Additionally, because the purpose of this model is momentum-based trading in relatively short day/week intervals, options with fast-approaching expiration dates are given additional weight. Simply put, options with distant expirations are not indicative of potential short-term trends of the model, and should be devalued when considering the short-term.
Therefore, when calculating the aggregate dollar volume on any given day, the data derived from each option is divided by days to expiration before being used to determine the sum.
The pattern recognition of the time-series forecast is based around the idea of seasonality — variations over specific intervals. For this model, I set the seasonality to a period of five days, in line with weekly option expirations. As such the model is best used on assets with high weekly options trading volumes.
With this information (especially when considered alongside the increased weightage provided to purchases near expiration) the model can more accurately determine movement based on reference points (expiration dates). The soft-reset in the forecast provided by expirations results in a model that is more robust in its ability to avoid overfitting based on a single outlier day.
4. Model Results
4.1 The Results
With the inputs determined and the seasonality configured, the model’s predictive capabilities can be tested using data from the past. As is evident in the graph shown above, the model was almost entirely successful in predicting the direction of price movement and was able to predict the most major magnitude changes.
Of particular note is the crash caused by the COVID-19 Pandemic, which began at the end of February 2020. Careful analysis of the results reveals that by using options trades, the model was able to effectively predict both the crash and the recovery two days before they actually occurred.
4.2 Modifying Inputs
Using different sets of inputs with the model revealed that shorter time frames result in better predictive capabilities for the model. As seen in the graph above, using the model over a four-month period instead of a year, resulting in outputs that were more accurate when compared to actual prices.

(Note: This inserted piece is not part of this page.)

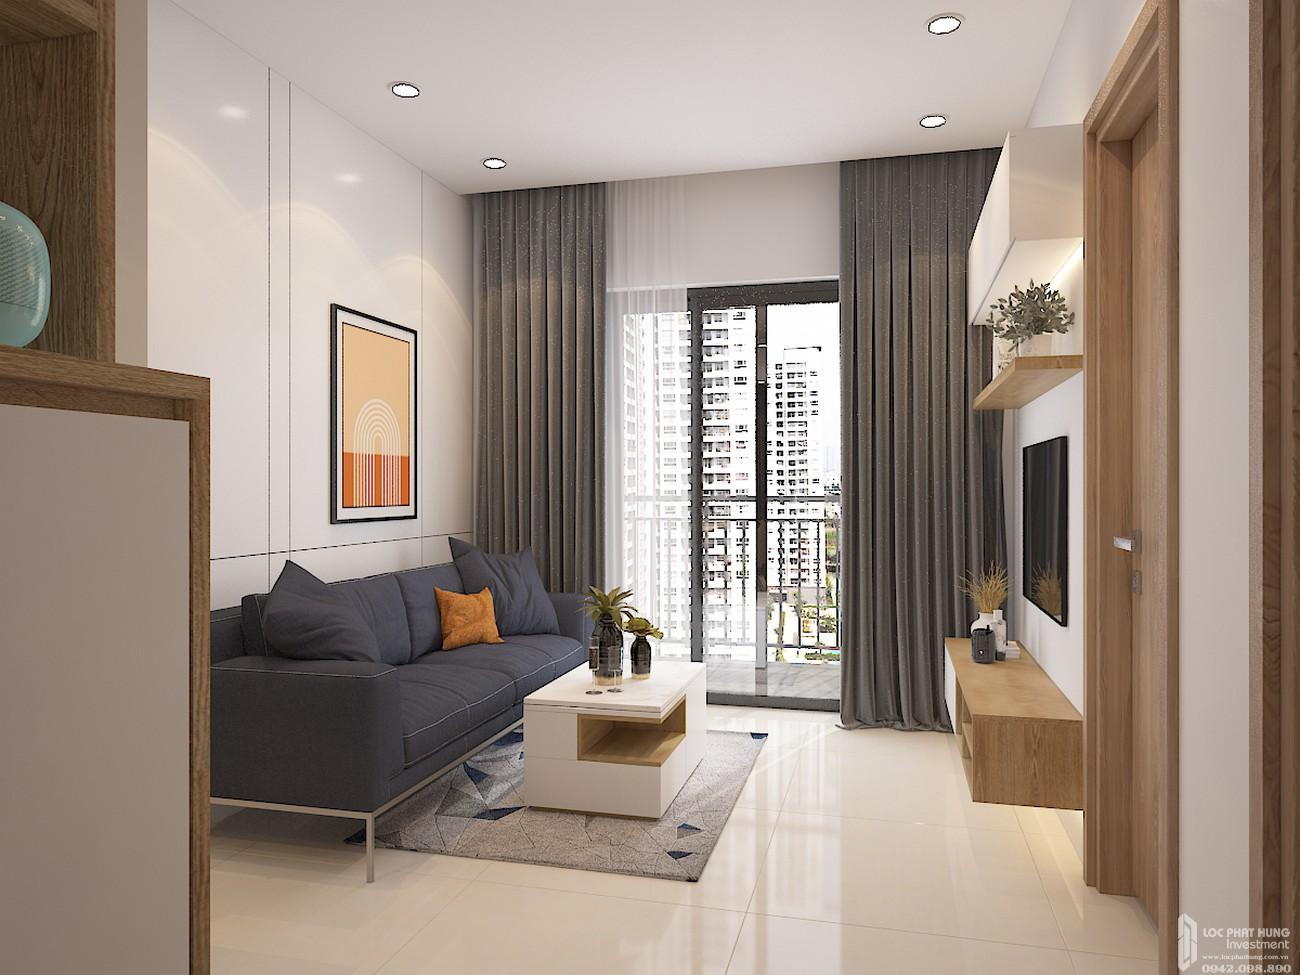 Nhà mẫu phòng khách căn 2-A1 dự án căn hộ chung cư Bcons Plaza Dĩ An Đường Thống Nhất chủ đầu tư Bcons mau Bcons Plaza

Overall, the model proved to be not only accurate but also robust, adapting to modified inputs and still delivering results. Ultimately, the concept behind the model is sound — that there are trends within options trading data that can indicate both the direction and magnitude of a stock price’s movement. Data science allows us to interpret them unlike ever before.
The ability of machine learning models to interpret trends in data far surpasses that of the human eye. This work proves that data science allows options trades to serve not only as an indicator of sentiment but also as a tool through which investors can determine the likely magnitude of a change in stock price.
This proof of concept, made possible because of modern modeling technology, has the potential to drive innovation surrounding the rising options sector. For years, investors have made trades based on implied volatility and the direction of movement indicated by options. Now, they can consider the extent of a potential price change as well, and invest accordingly.
As the inputs are end-of-day trading data, the model is evaluated based on its ability to predict next-day price. The success of this model indicates that consideration of real-time data could allow investors to predict intra-day fluctuations as well.
While it’s almost impossible to consistently predict the price of a stock in the distant future, using data science, one can determine momentum and make trades based on predictions for the immediate future. A deeper interpretation of option trades can become one new tool in the expanded toolbox of a data-driven investor.